Corruption Breeds Corruption: FECA Crowns the Royal Press

Reader comment on: Krugman Rewrites Nixon History

Submitted by Michael Lewis (United States), Mar 18, 2011 16:29

The Newspaper Preservation Act was working its way through congress and was designed to grant antitrust relief to the affected newspapers. Richard Nixon and his, Attorney General, were on record as strongly opposed to the passage of the Newspaper Preservation Act.

A newspaper executive wrote a letter to President Nixon as his re-election approached. The letter reminded President Nixon that the nation's largest Newspaper chains published in those states that had the largest number of electoral votes. The carefully worded letter reminded President Nixon that it could be difficult to be re-elected without their editorial support.

President Nixon reversed his position and used his political skills to convince congress to pass the Newspaper Preservation Act.

[See pgs.95-99] The Media Monopoly 5th edition paperback by Professor Ben HBagdikian.
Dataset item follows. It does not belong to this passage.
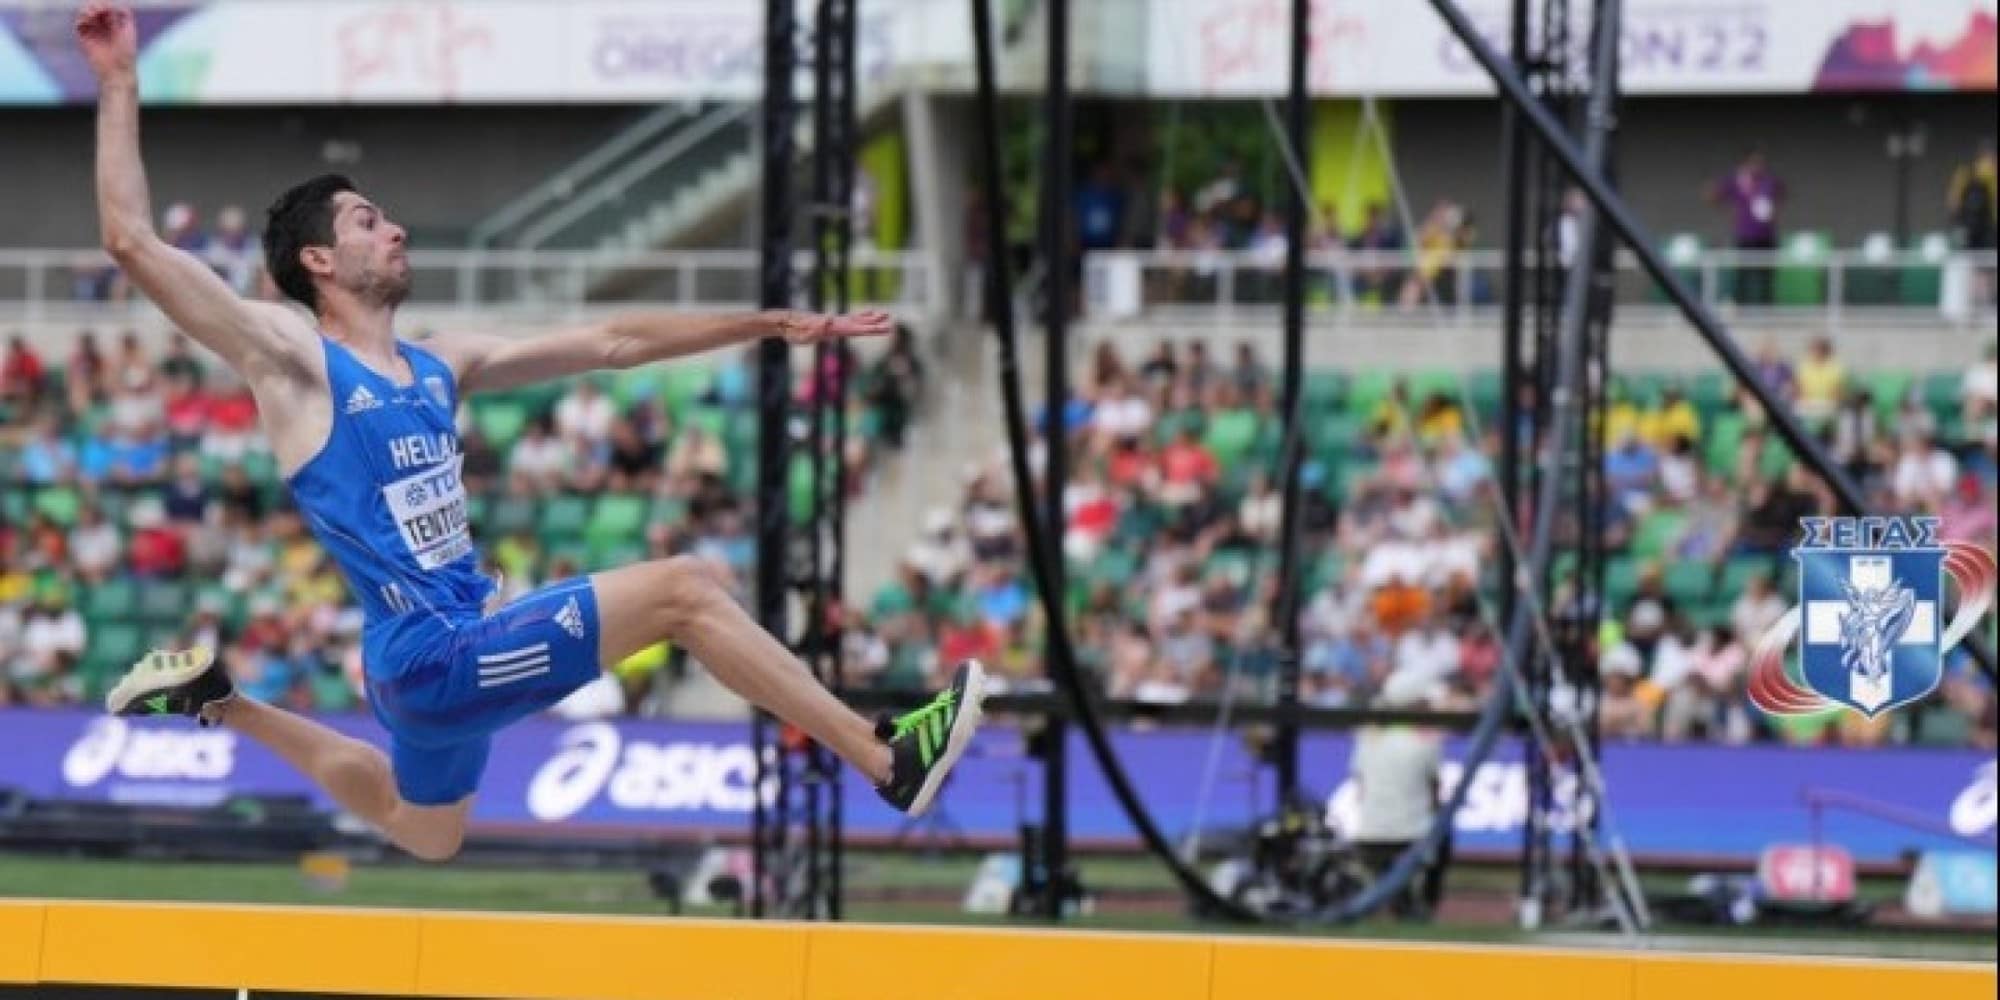 Το ασημένιο μετάλλιο κατέκτησε ο Μίλτος Τεντόγλου με 8.32 στον τελικό του μήκους στο Παγκόσμιο πρωτάθλημα στίβου

The newly minted campaign laws should have castigated the 4th estate as well as Nixon? Instead the Federal Election Campaign Reform Act exempted them and created the 'Royal Corporate Press':

The following reference to the Press Exemption is excerpted from a letter by Senator Mitch McConnell

Section 431(9)(B)(i) makes a distinction where there is no real difference: the media is extremely powerful by any measure, a "special interest" by any definition, and heavily engaged in the "issue advocacy" and "independent expenditure" realms of political persuasion that most editorial boards find so objectionable when anyone other than a media outlet engages in it. To illustrate the absurdity of this special exemption the media enjoys, I frequently cite as an example the fact that if the RNC bought NBC from GE the FEC would regulate the evening news and, under the McCain-Feingold "reform" bill, Tom Brokaw could not mention a candidate 60 days before an election. This is patently absurd.